A long list of speakers complained at Saturday's closing session of an opportunity lost.
Ecuador's negotiator Walter Schuldt, on behalf of a group of 30-odd Like-Minded Developing Countries that include major polluters India and China, said they were "thoroughly dissatisfied" with the outcome.
"We lost valuable negotiating time this week with open-ended discussions," he said -- a sentiment echoed by African and Arab countries, among others that had hoped for more detailed bartering.
Countries remain divided on such fundamentals as the legal form that the 2015 agreement will take, whether there will be different levels of obligation for rich and poor nations, and how to assess whether national carbon curbing pledges are enough, combined, to avoid the worst climate change scenarios.
Many said the Bonn meeting merely restated well-known country positions on how responsibility for climate action must be shared, instead of discussing details like funding to help poor countries shift to less polluting fuels and adapt to change that can no longer be avoided.
"We will clearly have our work cut out for us in Lima," said Ronald Jumeau, spokesman for the Alliance of Small Island States (AOSIS) -- countries at high risk from rising sea levels induced by climate change.
And he warned "there won't be an adequate deal unless" developed countries give details soon of financial and expert support.
The meeting's co-chairman Artur Runge-Metzger closed the session by urging negotiators "to redouble your efforts in preparations" for Lima.
And he announced that two additional meetings will be held next year, besides the usual June gathering in Bonn, to allow more time for negotiations.
- 'Panic' setting in -
"We're leaving Bonn with not much more clarity than when we arrived on how we will get the key decisions needed in Lima to confront the threat of climate change," said Alden Meyer of the US-based Union of Concerned Scientists.
"From floods and droughts to hurricanes, typhoons and heat waves, we are already suffering the consequences of our past inaction.
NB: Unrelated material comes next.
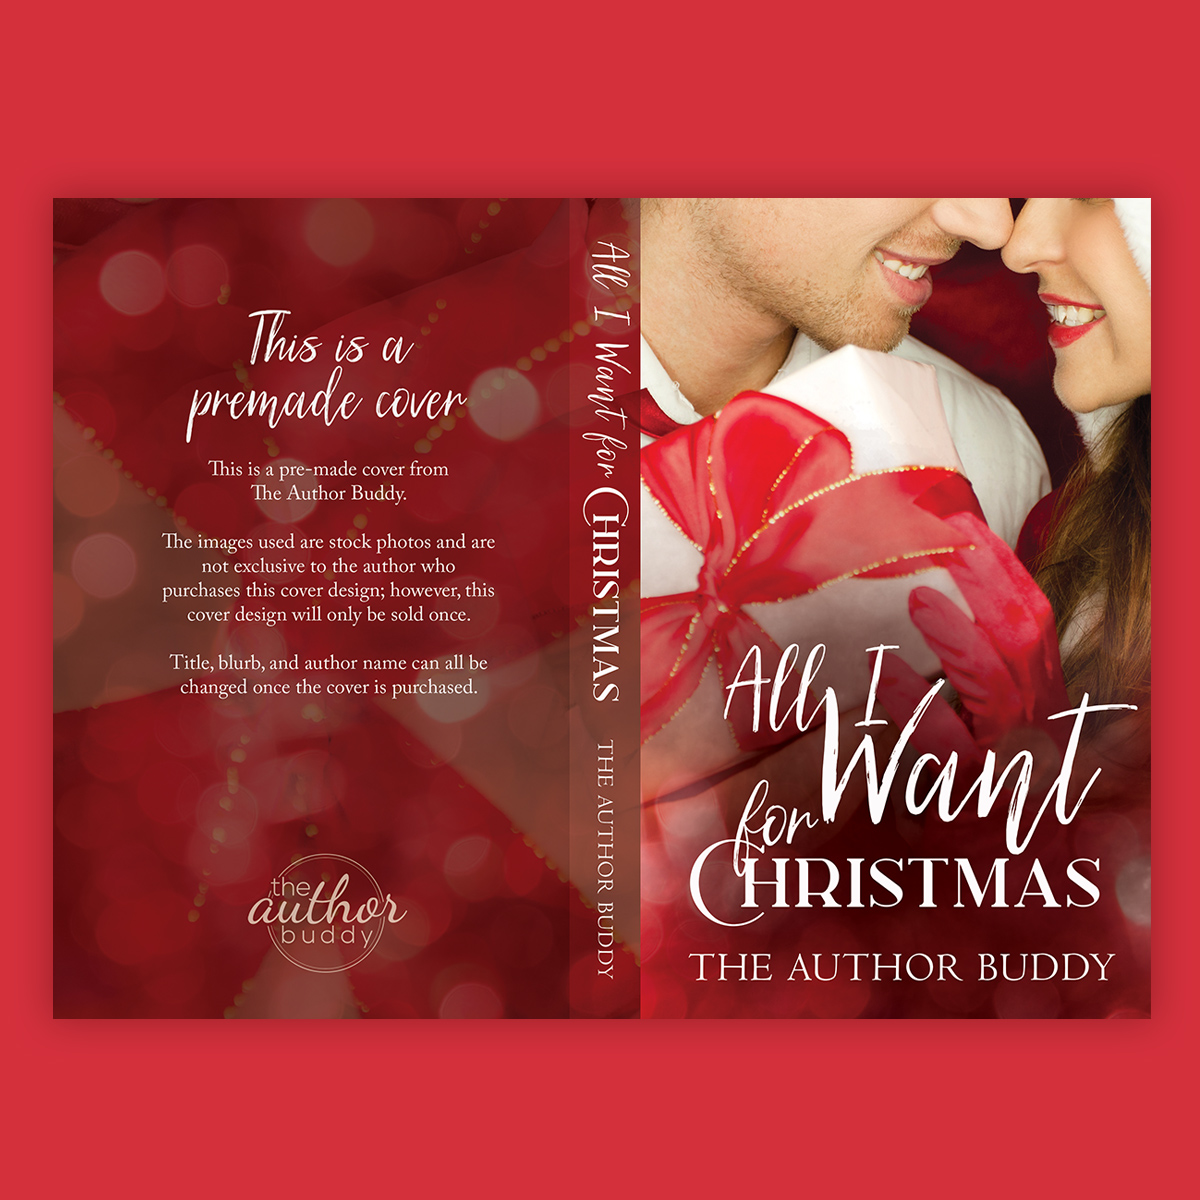 All I Want for Christmas - Premade Goliday Book Cover from The Author Buddy

We need to see much more rapid progress in Lima."
The Paris pact will be the first to unite rich and poor countries under a common legal commitment to curb Earth-warming fossil fuel emissions.
This, in turn, will seek to limit average global warming to two degrees Celsius (3.6 degrees Fahrenheit) over pre-Industrial Revolution levels.
Scientists warn that on current trends, Earth could experience double the targeted warming limit -- a recipe for potentially catastrophic damage to the climate system -- yet emissions continue to rise.
The most anticipated outcome from Bonn had been progress on the "information decision", guiding nations in their emissions pledges -- things like which gases will be cut, by how much, and over what period.
This must be finalised by Lima to give countries enough time to present their offers by a loose deadline of the first quarter of 2015.
Yet countries remain deeply divided on the fundamentals of whether the declarations should include rich countries' intended financial help  to developing nations.
"People are starting to panic a little" over the mountain of work still to be done, Meyer said.